> _Instructions for the task_
Without any pictures, print the lines below from the one that has "Alaska Boeing 737 at LAX" through the one that has "Teen boy brushing teeth Stock Photo", exactly and nothing else.

> _Provided records_

■ ■ ■ ■ ■ ■ ■

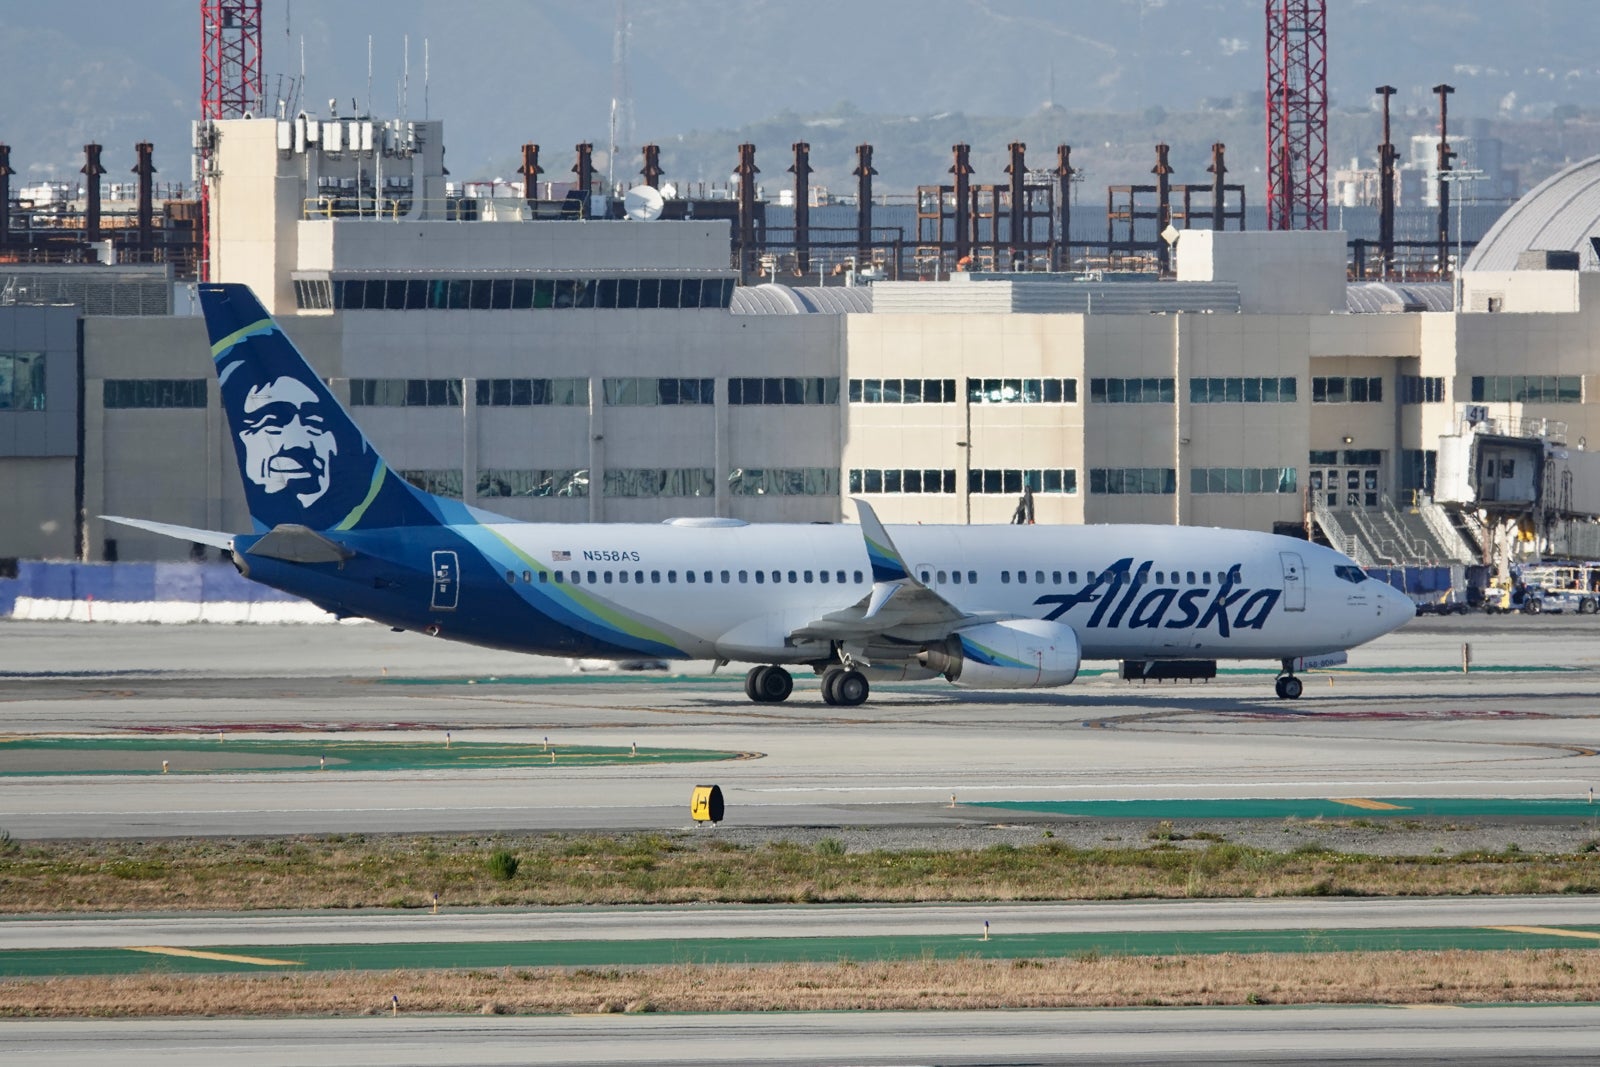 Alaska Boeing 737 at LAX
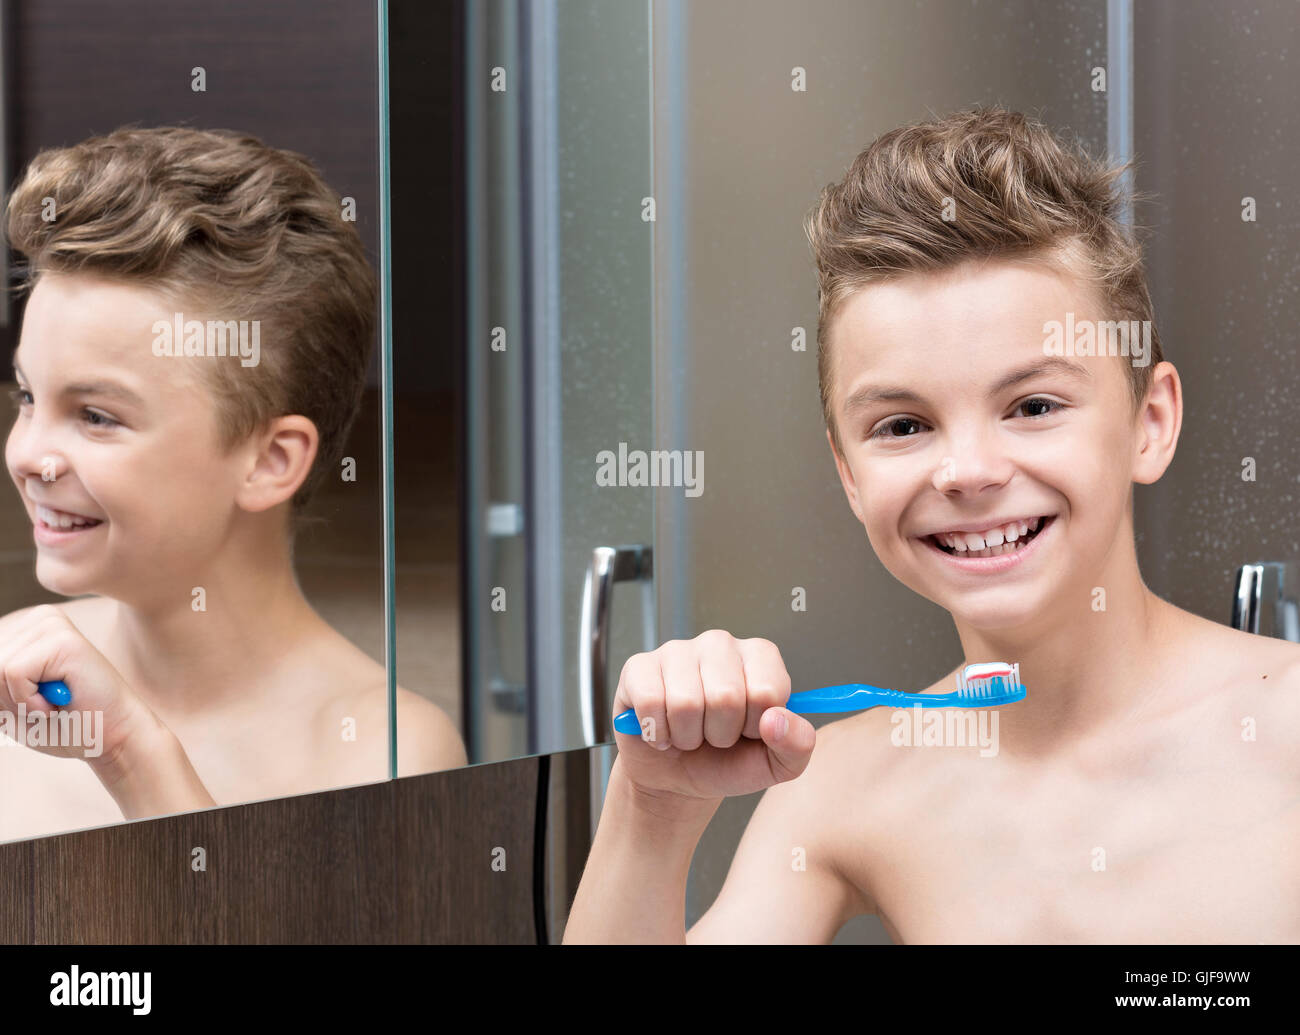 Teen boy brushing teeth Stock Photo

■ ■ ■ ■ ■ ■ ■

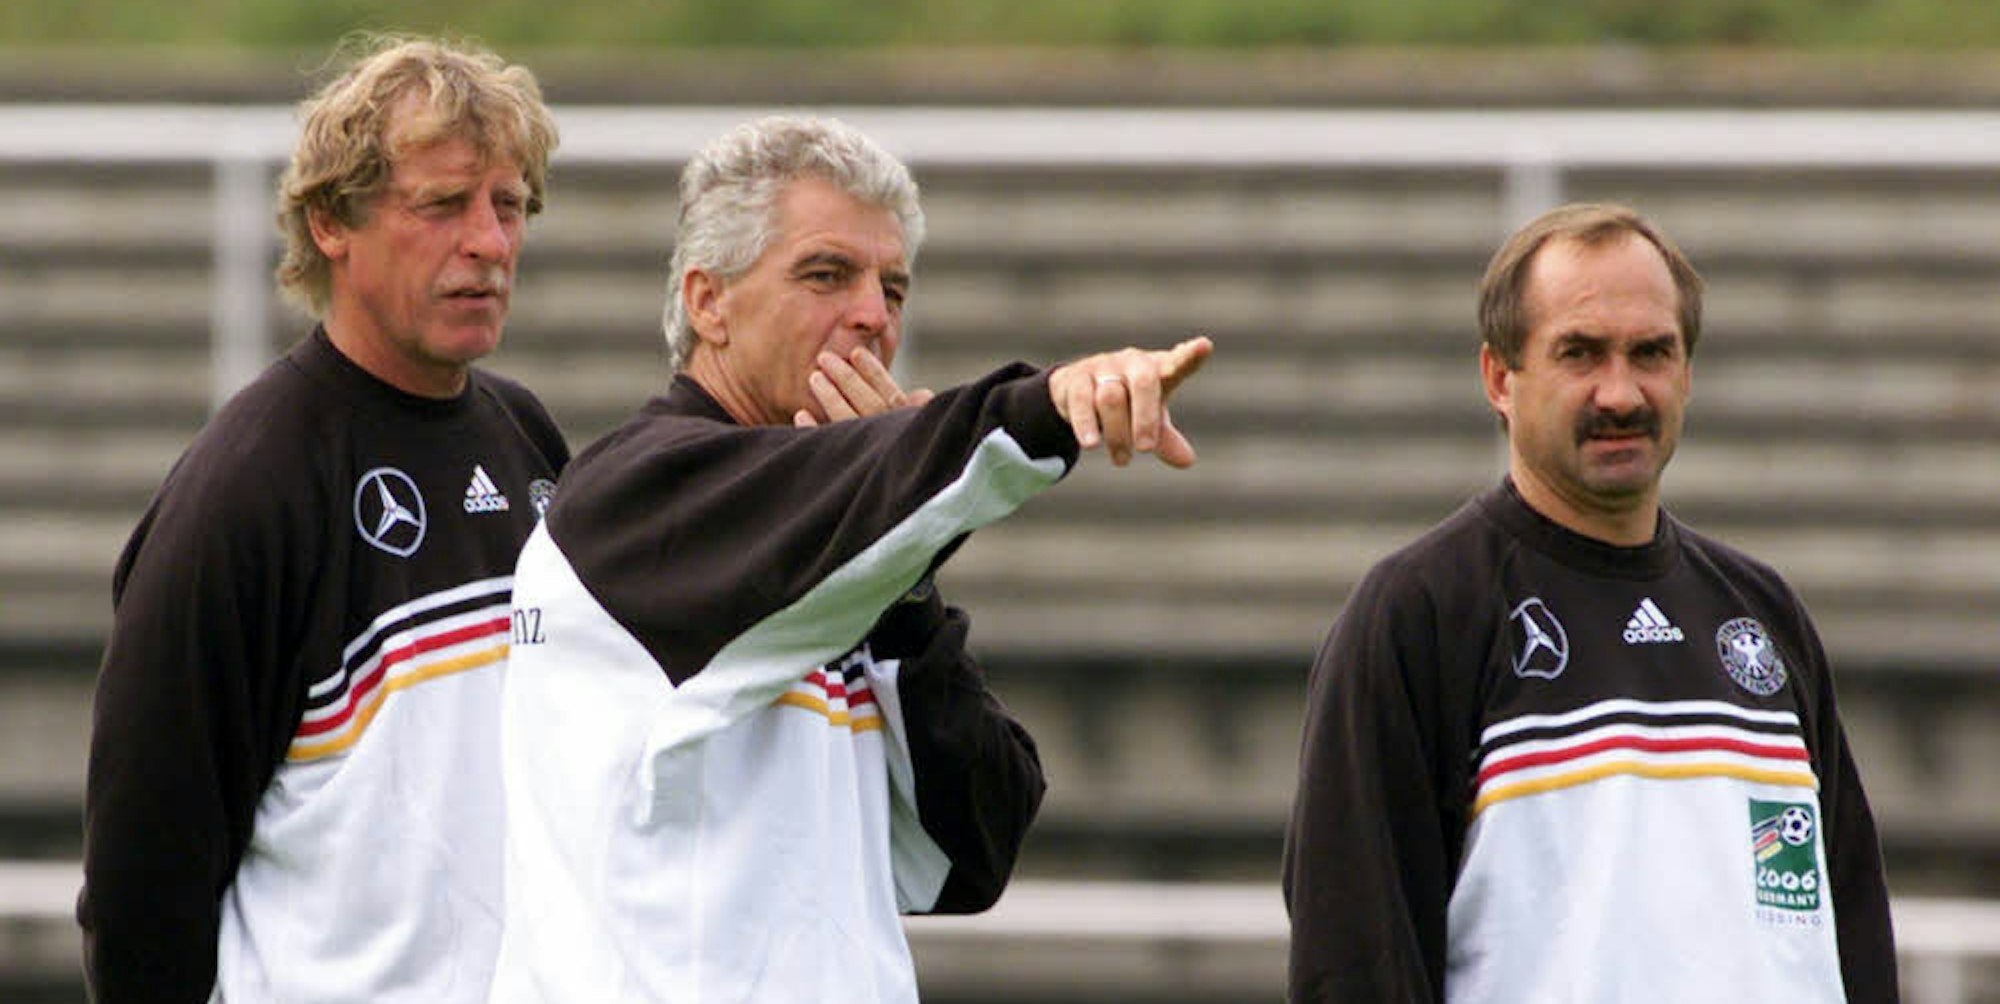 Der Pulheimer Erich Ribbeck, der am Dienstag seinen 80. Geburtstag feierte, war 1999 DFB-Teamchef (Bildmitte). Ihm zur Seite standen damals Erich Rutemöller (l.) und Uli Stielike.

■ ■ ■ ■ ■ ■ ■

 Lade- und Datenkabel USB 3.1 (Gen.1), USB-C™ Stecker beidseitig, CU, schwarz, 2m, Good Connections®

■ ■ ■ ■ ■ ■ ■

> _Answer section_
 Alaska Boeing 737 at LAX
 Teen boy brushing teeth Stock Photo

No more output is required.